__Task to complete__: Copy out the listing that follows, exactly, without its pictures.

__Given data__:
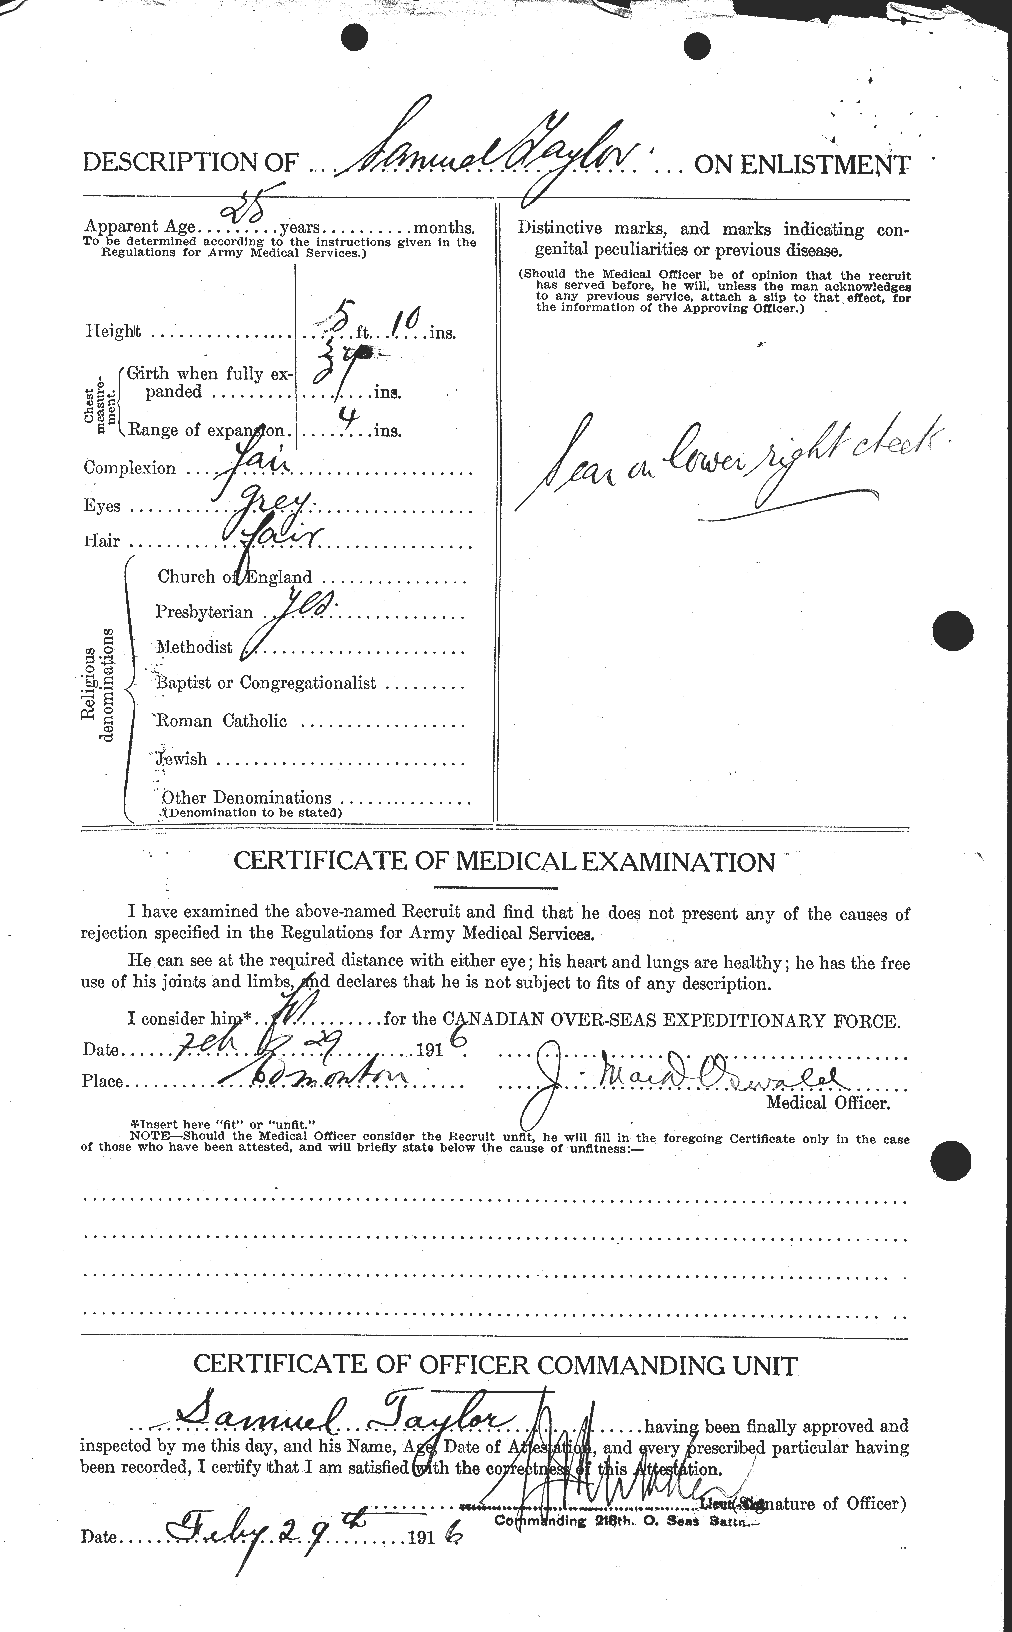 Dossiers du Personnel de la Première Guerre mondiale - CEC 627546b
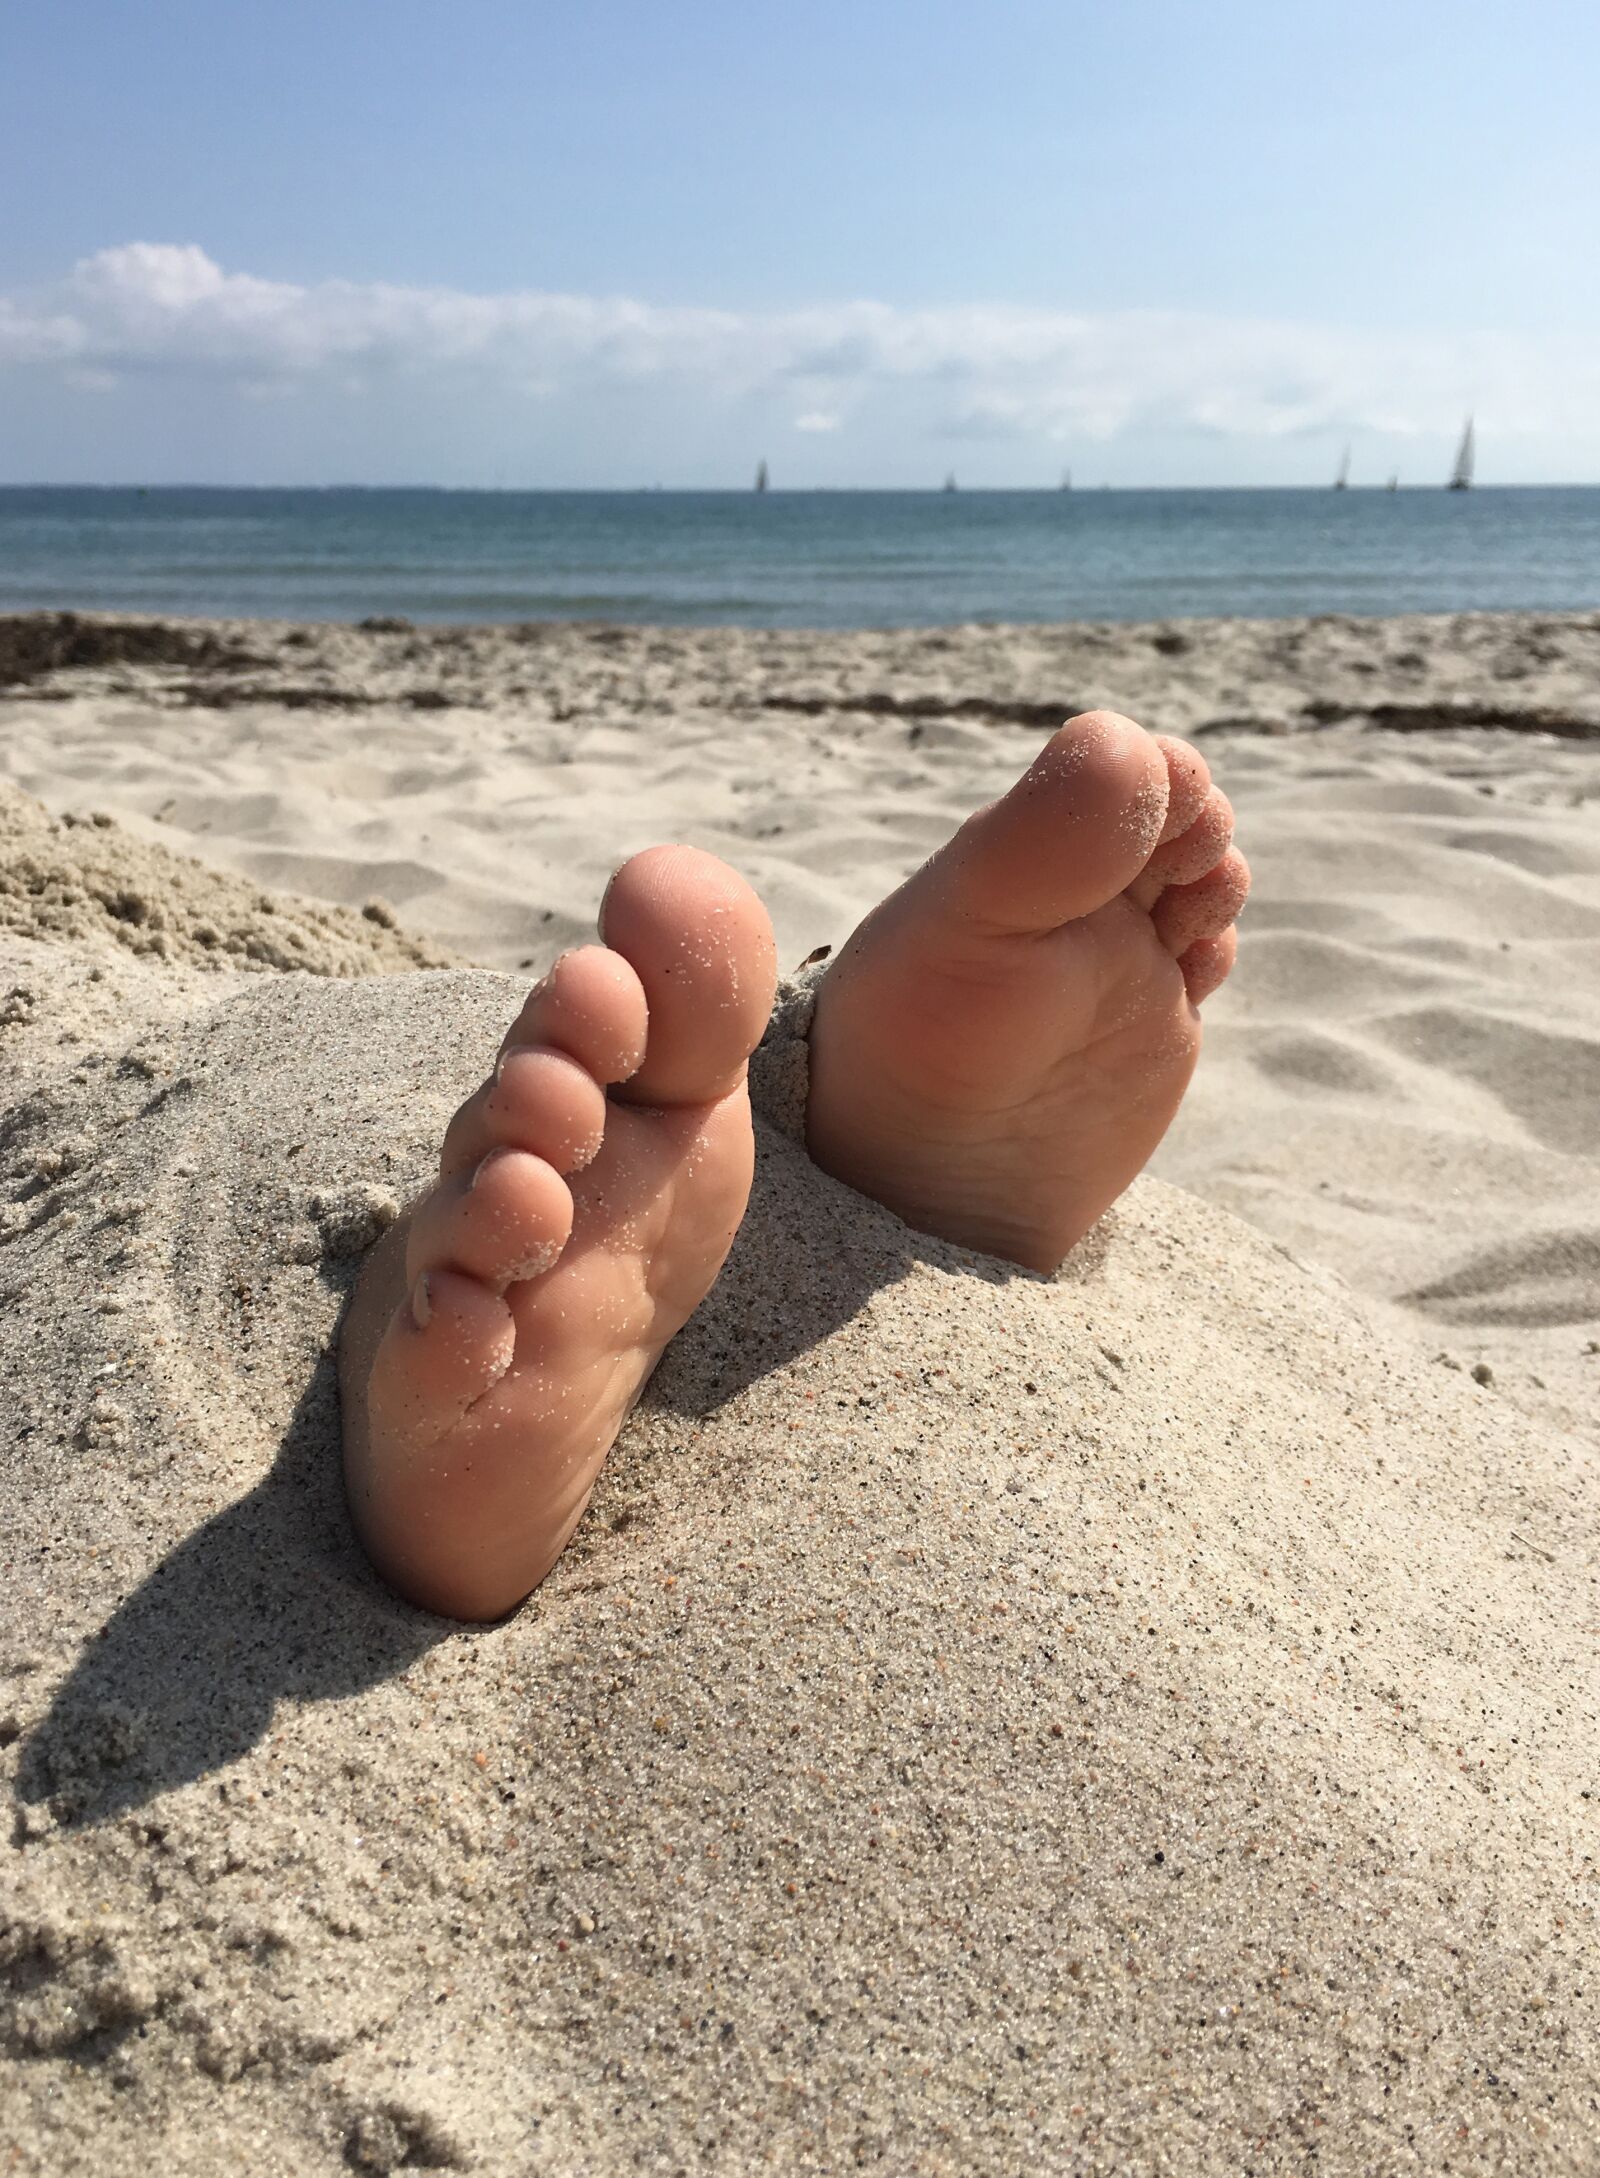 Apple iPhone 6s sample photo. Feet, beach, sand photography
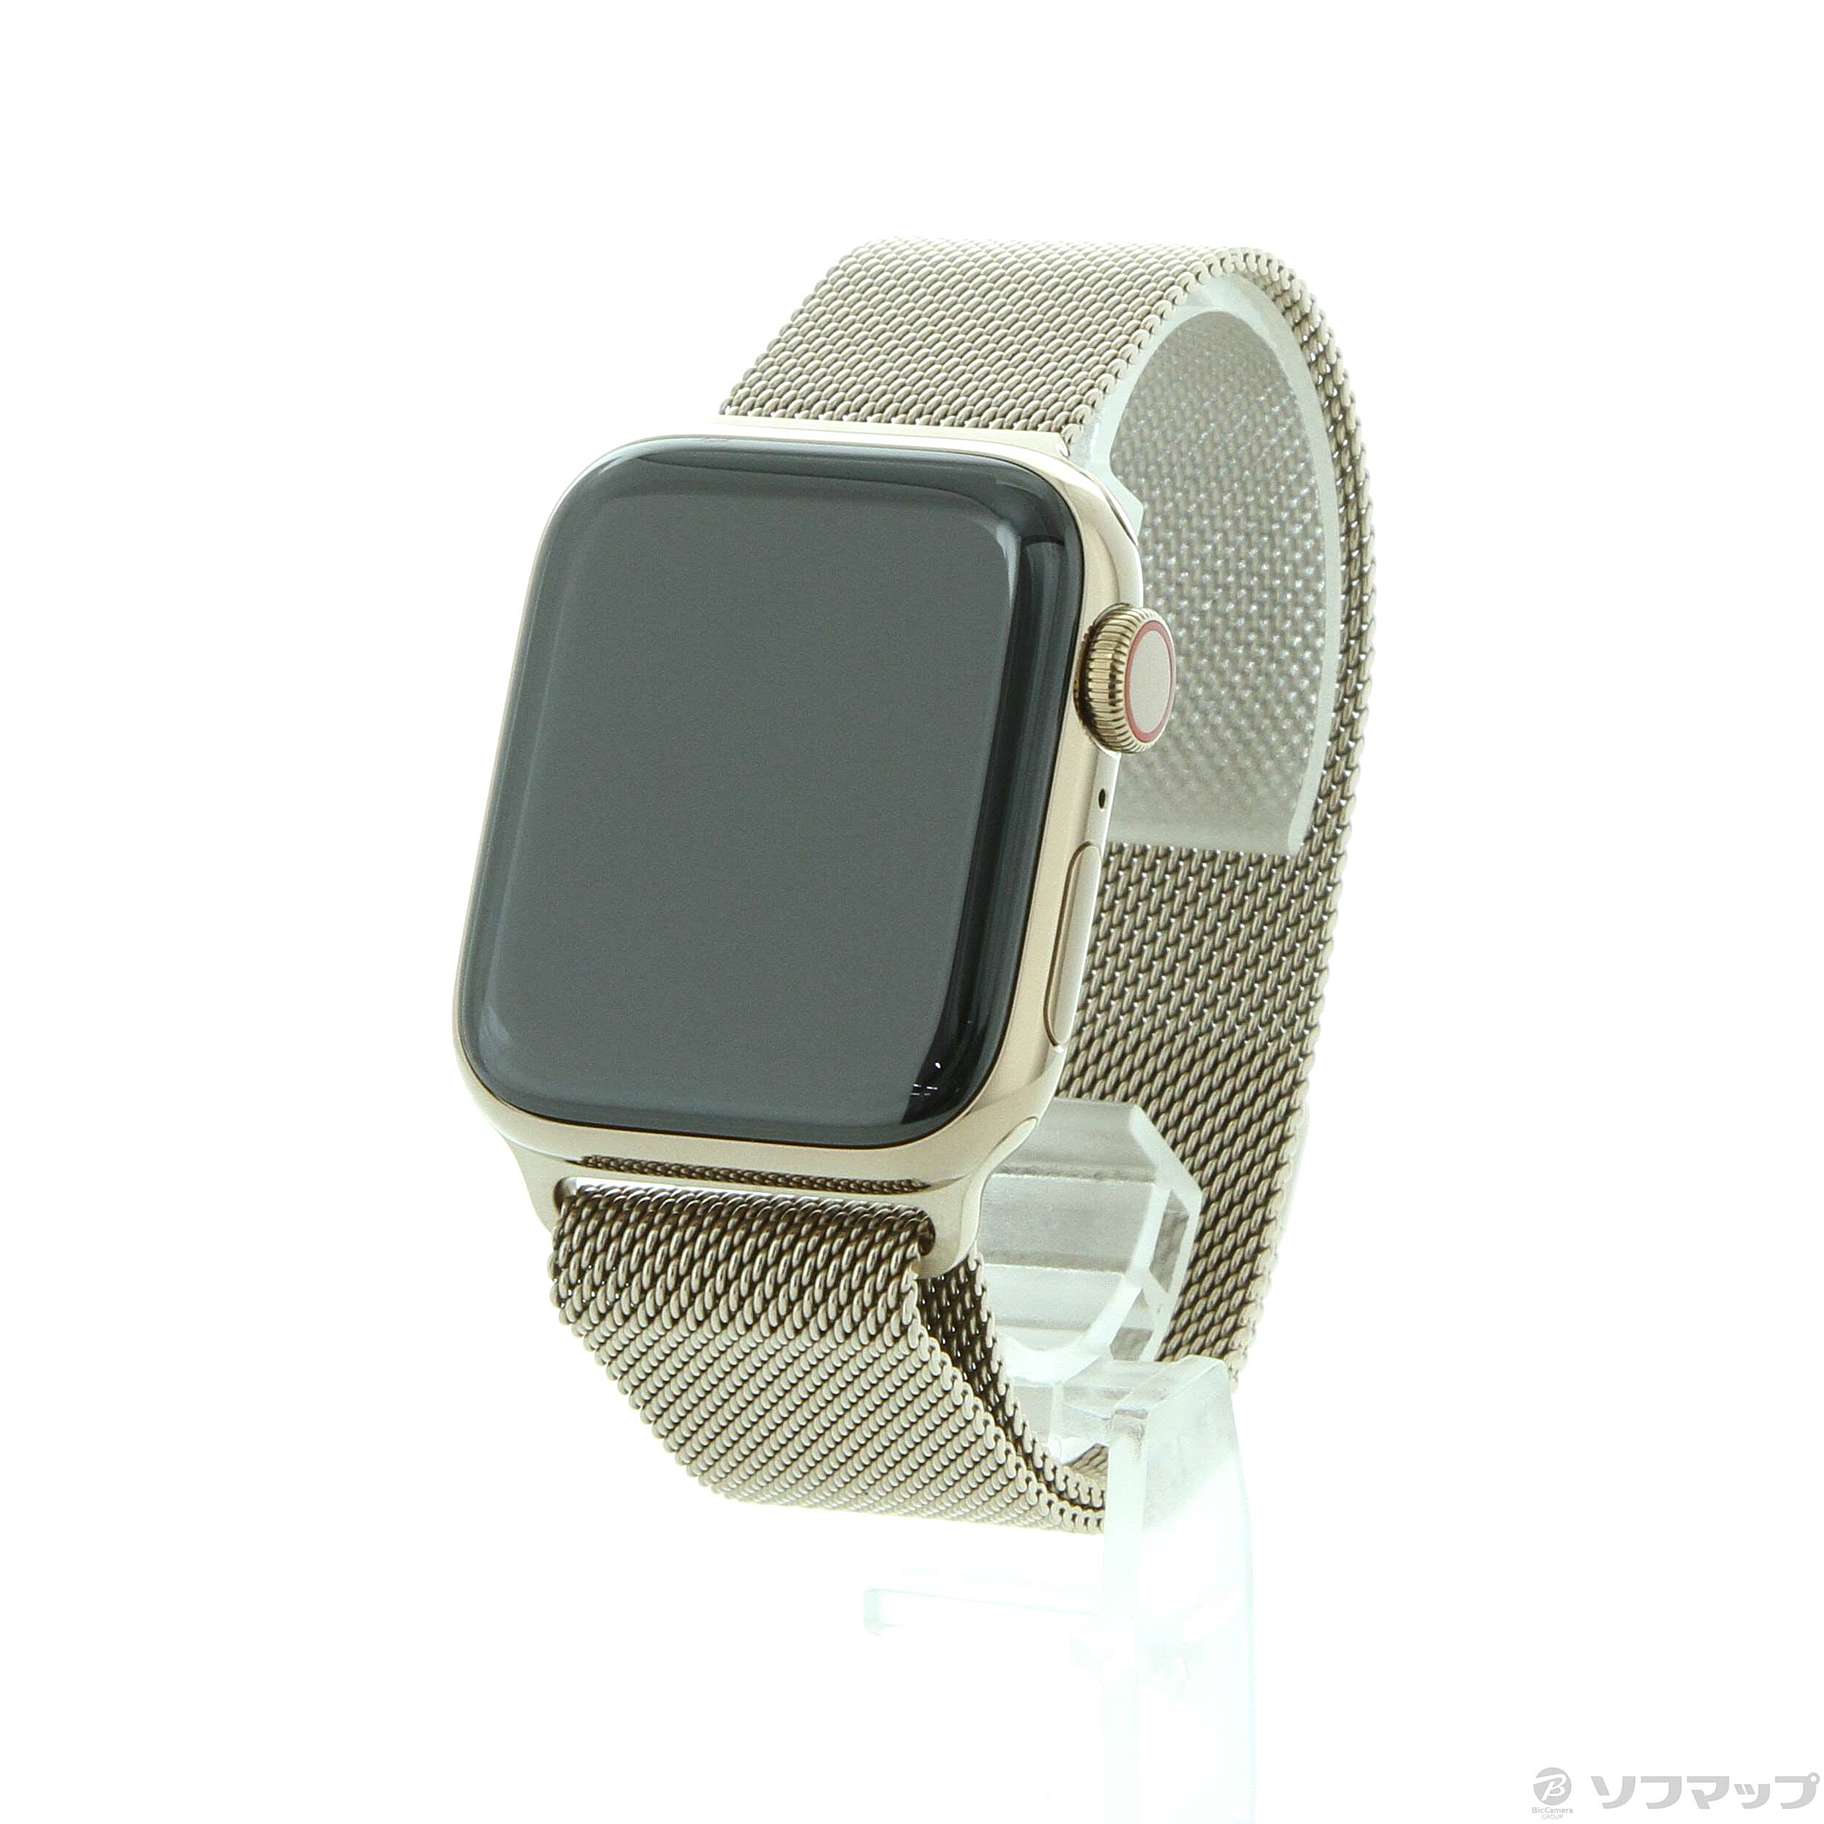 専門店の安心の1ヶ月保証付 Apple Watch series4 40mmゴールド

__Reply to the task__:
 Dossiers du Personnel de la Première Guerre mondiale - CEC 627546b
 Apple iPhone 6s sample photo. Feet, beach, sand photography
 専門店の安心の1ヶ月保証付 Apple Watch series4 40mmゴールド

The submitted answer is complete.